=== Begin Enclosure ===
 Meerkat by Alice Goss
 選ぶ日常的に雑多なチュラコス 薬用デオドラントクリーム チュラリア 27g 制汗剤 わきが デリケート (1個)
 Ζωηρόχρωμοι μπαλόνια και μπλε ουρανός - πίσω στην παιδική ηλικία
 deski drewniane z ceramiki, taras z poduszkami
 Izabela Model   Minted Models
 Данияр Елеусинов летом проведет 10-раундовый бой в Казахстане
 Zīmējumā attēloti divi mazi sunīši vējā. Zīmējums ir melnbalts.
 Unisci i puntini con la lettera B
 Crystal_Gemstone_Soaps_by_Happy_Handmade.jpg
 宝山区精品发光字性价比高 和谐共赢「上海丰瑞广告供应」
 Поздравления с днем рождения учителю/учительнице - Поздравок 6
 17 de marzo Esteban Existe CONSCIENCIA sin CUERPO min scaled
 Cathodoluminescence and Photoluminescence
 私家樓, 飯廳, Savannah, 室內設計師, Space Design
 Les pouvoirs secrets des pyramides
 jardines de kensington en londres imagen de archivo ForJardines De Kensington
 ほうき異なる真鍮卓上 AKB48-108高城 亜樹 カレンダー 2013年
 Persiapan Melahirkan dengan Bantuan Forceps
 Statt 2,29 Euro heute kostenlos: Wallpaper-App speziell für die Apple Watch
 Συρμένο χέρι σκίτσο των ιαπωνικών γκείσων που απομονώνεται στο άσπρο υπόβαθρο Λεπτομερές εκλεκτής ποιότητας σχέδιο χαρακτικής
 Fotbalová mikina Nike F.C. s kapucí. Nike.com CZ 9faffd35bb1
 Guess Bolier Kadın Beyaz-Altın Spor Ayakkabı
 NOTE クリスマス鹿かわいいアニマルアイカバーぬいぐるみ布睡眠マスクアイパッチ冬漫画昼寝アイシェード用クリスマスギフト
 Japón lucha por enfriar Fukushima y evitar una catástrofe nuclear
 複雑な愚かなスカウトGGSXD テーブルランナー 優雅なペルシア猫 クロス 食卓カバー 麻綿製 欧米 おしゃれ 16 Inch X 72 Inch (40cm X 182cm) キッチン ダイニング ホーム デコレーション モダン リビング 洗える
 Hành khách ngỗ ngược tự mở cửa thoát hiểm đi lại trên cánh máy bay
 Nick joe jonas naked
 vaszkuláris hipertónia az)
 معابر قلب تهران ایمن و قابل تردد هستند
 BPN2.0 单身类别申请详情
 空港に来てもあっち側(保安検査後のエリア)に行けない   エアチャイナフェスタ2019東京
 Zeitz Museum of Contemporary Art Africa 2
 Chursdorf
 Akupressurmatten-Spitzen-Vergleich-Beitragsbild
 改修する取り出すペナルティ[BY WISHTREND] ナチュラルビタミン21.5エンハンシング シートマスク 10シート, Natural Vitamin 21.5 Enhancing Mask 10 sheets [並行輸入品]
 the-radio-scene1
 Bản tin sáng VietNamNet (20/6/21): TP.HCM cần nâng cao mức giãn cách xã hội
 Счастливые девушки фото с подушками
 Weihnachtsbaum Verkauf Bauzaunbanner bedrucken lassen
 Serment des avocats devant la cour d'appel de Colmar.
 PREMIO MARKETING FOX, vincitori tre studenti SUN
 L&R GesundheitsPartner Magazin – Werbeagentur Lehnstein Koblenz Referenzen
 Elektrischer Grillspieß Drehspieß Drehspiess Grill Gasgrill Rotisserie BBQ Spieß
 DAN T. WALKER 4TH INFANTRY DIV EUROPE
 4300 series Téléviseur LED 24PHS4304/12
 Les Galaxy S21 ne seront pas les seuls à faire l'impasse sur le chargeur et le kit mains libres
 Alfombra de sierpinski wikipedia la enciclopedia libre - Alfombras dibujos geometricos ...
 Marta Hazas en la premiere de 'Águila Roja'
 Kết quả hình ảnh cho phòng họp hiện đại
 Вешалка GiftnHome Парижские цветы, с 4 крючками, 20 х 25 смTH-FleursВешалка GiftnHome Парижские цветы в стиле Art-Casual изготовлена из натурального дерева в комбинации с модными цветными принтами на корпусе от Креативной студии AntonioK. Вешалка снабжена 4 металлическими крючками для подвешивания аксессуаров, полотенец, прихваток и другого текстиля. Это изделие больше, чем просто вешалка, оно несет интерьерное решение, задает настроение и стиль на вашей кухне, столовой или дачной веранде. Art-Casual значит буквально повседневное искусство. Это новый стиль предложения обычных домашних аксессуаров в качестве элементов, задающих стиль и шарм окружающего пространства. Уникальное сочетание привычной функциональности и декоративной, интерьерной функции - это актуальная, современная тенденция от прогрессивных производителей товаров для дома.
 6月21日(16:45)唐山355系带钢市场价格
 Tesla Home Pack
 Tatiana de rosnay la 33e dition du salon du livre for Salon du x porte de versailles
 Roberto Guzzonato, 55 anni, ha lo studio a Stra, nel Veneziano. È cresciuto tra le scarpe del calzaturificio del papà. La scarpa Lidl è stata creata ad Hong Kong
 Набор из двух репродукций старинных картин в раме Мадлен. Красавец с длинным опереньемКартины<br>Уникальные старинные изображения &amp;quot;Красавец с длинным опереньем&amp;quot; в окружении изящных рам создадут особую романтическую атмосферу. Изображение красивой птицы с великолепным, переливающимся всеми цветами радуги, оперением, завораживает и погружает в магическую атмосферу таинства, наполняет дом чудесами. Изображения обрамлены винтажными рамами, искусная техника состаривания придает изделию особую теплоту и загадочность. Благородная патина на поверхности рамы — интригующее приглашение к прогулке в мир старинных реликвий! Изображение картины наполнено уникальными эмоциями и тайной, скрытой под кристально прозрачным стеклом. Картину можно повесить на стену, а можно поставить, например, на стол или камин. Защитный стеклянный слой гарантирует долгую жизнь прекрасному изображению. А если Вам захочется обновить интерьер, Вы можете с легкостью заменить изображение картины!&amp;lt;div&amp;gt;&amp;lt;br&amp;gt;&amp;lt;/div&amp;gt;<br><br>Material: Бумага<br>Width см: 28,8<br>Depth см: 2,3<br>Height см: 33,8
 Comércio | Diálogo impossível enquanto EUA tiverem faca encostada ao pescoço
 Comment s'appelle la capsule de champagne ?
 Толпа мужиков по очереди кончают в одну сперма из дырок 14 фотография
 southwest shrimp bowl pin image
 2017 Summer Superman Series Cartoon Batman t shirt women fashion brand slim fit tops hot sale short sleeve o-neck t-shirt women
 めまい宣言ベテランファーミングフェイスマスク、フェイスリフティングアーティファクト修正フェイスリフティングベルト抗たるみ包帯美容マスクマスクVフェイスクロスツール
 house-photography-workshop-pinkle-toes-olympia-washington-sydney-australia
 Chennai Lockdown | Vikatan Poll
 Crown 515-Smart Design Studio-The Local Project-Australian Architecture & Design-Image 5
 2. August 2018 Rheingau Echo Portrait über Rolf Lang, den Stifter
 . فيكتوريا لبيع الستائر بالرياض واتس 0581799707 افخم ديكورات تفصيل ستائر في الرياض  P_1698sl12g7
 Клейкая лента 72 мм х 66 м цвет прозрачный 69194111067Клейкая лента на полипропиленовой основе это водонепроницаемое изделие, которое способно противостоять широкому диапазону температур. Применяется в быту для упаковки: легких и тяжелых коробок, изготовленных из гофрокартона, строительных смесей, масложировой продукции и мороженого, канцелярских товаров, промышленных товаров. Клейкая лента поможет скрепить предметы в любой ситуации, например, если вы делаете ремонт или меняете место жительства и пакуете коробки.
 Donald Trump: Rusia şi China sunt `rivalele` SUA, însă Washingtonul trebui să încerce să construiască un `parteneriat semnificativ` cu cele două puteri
=== End Enclosure ===
TASK DIRECTIONS:
How many of the lines above contain "Design"? Give the number by itself.

WRITTEN REPLY:
2